The MR analysis reveals that protein CTSS (cathepsin S) can increase platelets in the blood and reduce mean platelet volume. Fostamatinib can inhibit the protein CTSS, known as an approved medication for chronic immune thrombocytopenia (ITP) by inhibiting the spleen tyrosine kinase (SYK). It indicates that fostamatinib treats ITP via both protein SYK and CTSS (Fig. 5e).

Cilastatin is a dehydropeptidase 1 (DPEP1) inhibitor used to prevent degradation of imipenem, both were used together to treat infections. We found that inhibiting DPEP1 can increase the risk of high blood pressure, while decrease the risk of schizophrenia (Fig. 5f). This indicates clinical re-purposing potential of Cilastatin, and other DPEP1 inhibitors, as treatments for schizophrenia, though further investigations are needed.

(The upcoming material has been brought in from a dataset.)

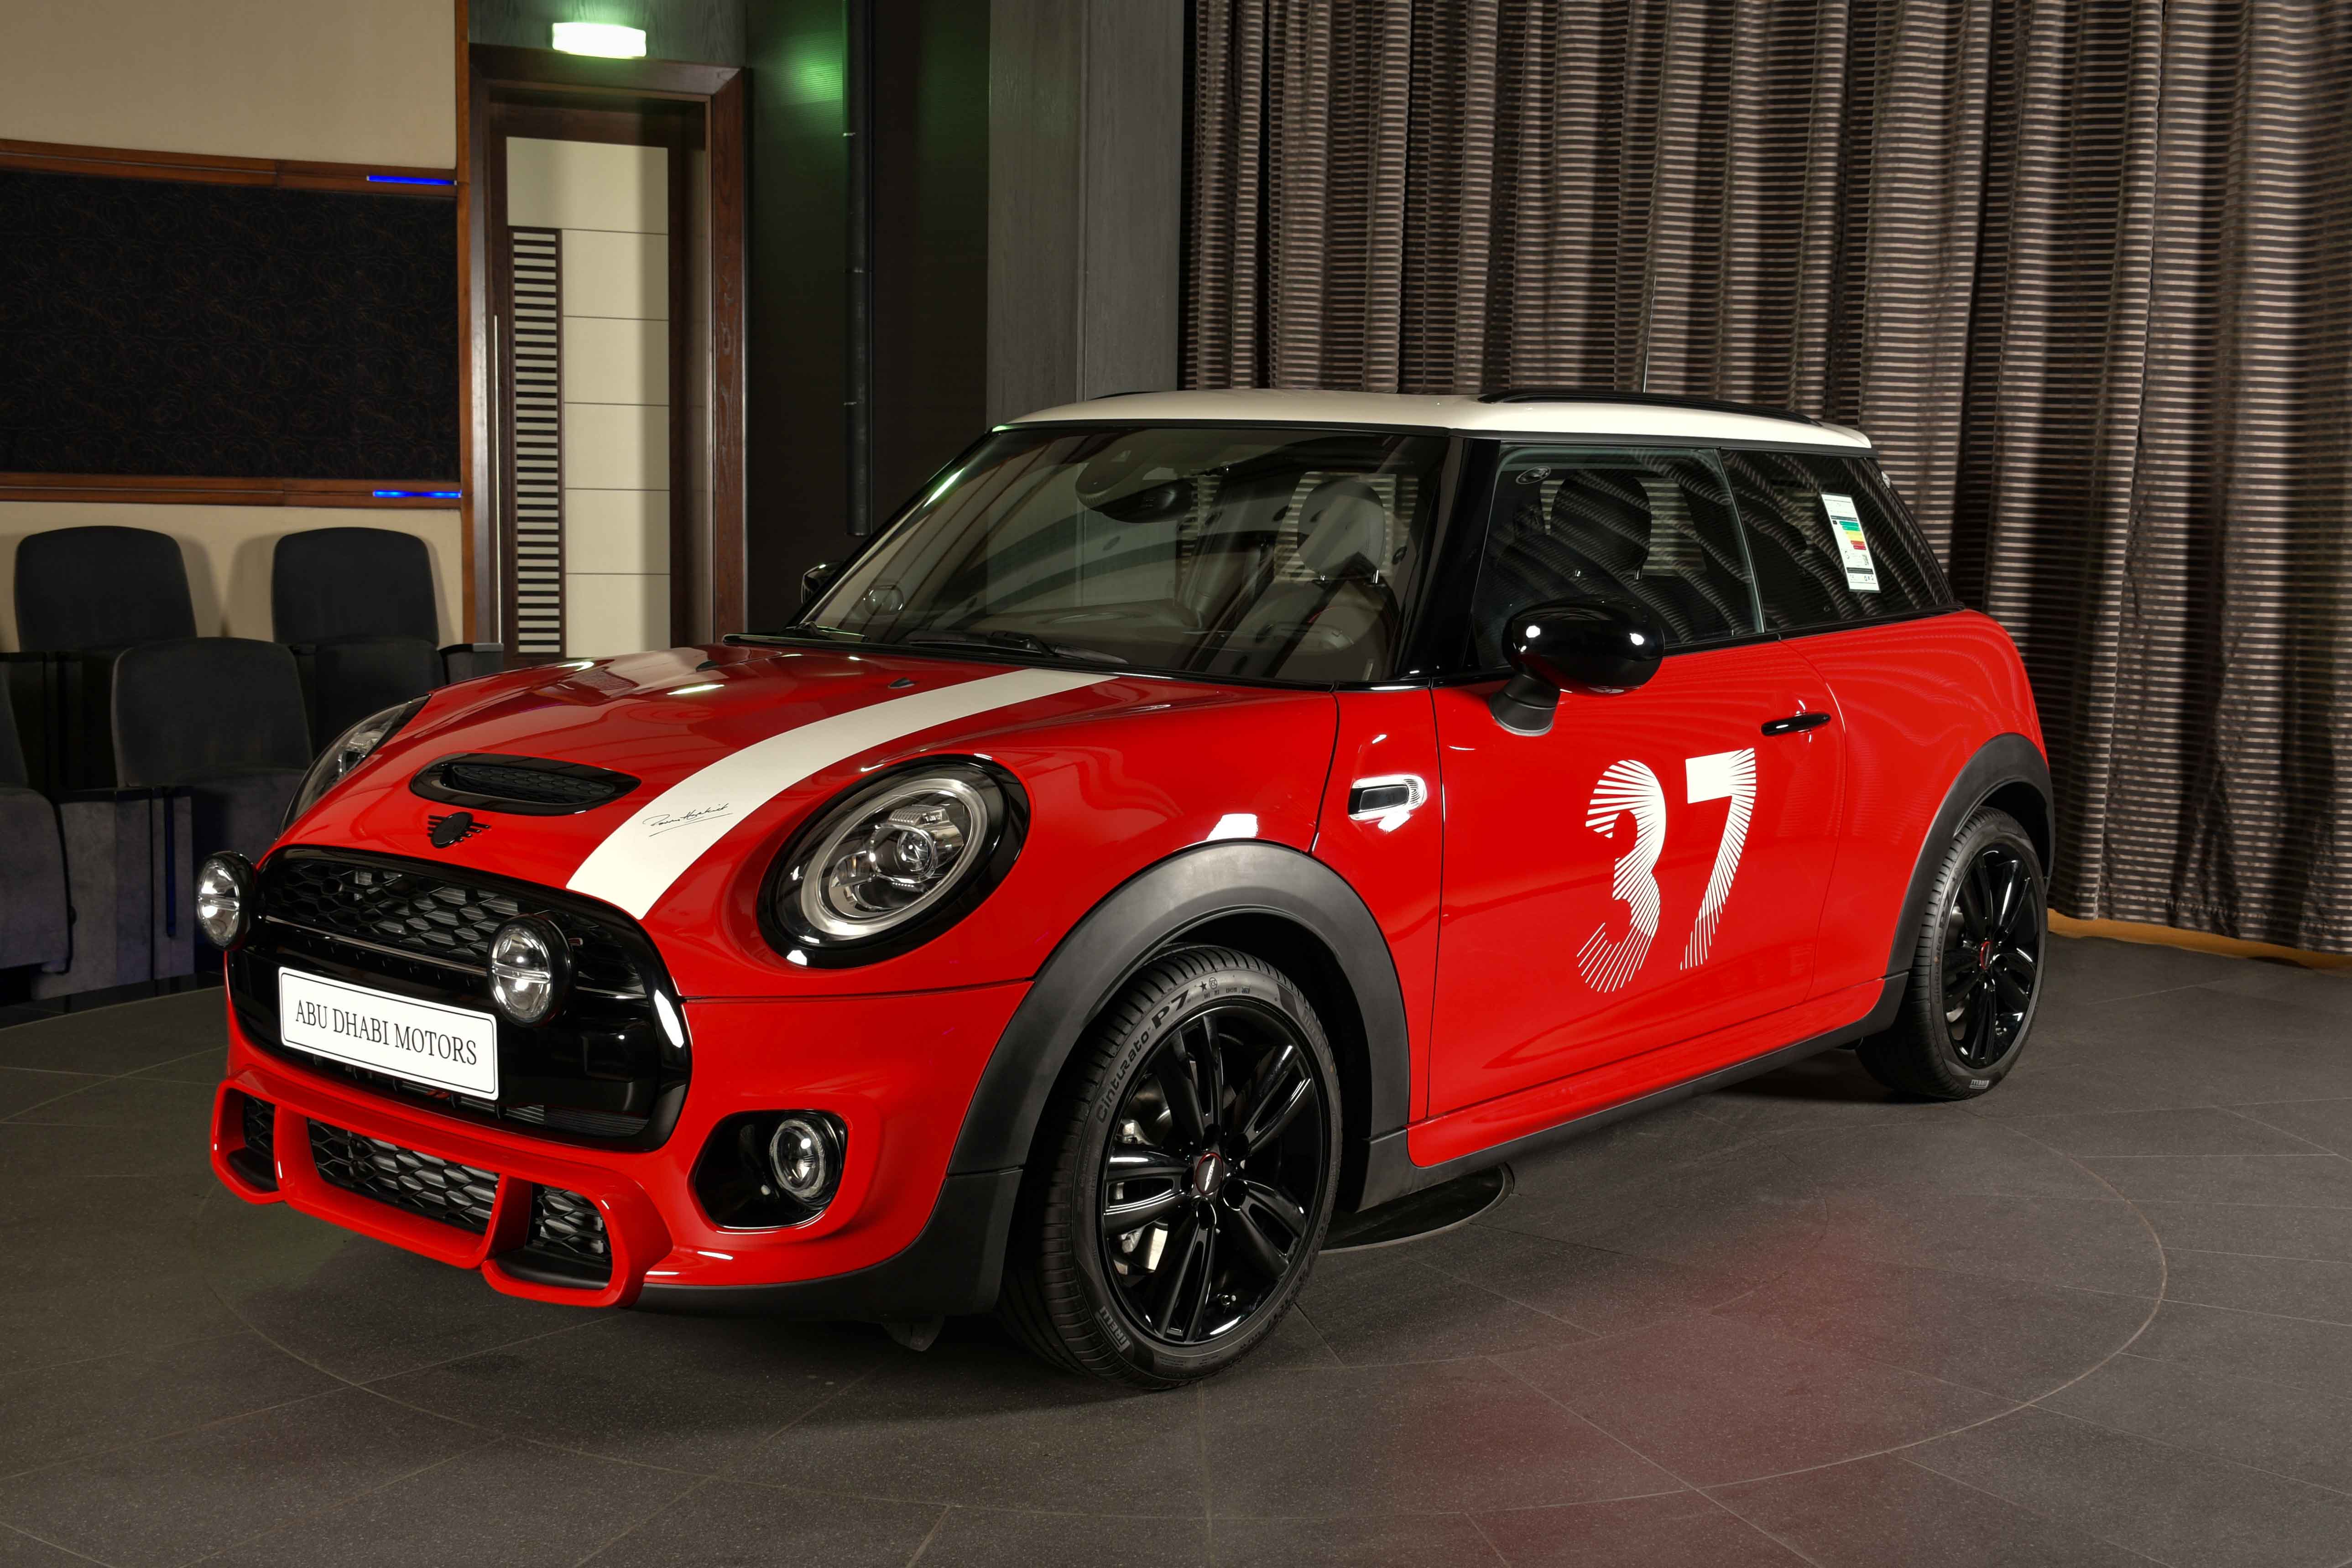 The much-anticipated MINI Paddy Hopkirk Edition is now available at Abu Dhabi Motors

Overall, besides the validated targets, we also identified 273 suggestive drug re-purposing target-disease pairs for 18 proteins (Fig. 5ab, Supplementary Table 9). There already exist established drugs for these protein targets, making these drugs potentially useful upon further clinical trials. At last, 144 new target-disease combinations were suggested, based on our causal inference (Supplementary Table 10).

Discussion

We identified novel pQTL for 137 of 184 neuro-related proteins, provided insights into their molecular mechanisms and effects on complex diseases and traits, and highlighted useful therapeutic targets with established drugs. On average, we identified half of the genetic architecture underlying the concentration of these proteins. We provide a well powered genetic landscape for these proteins with large-scale summary-level data for future research.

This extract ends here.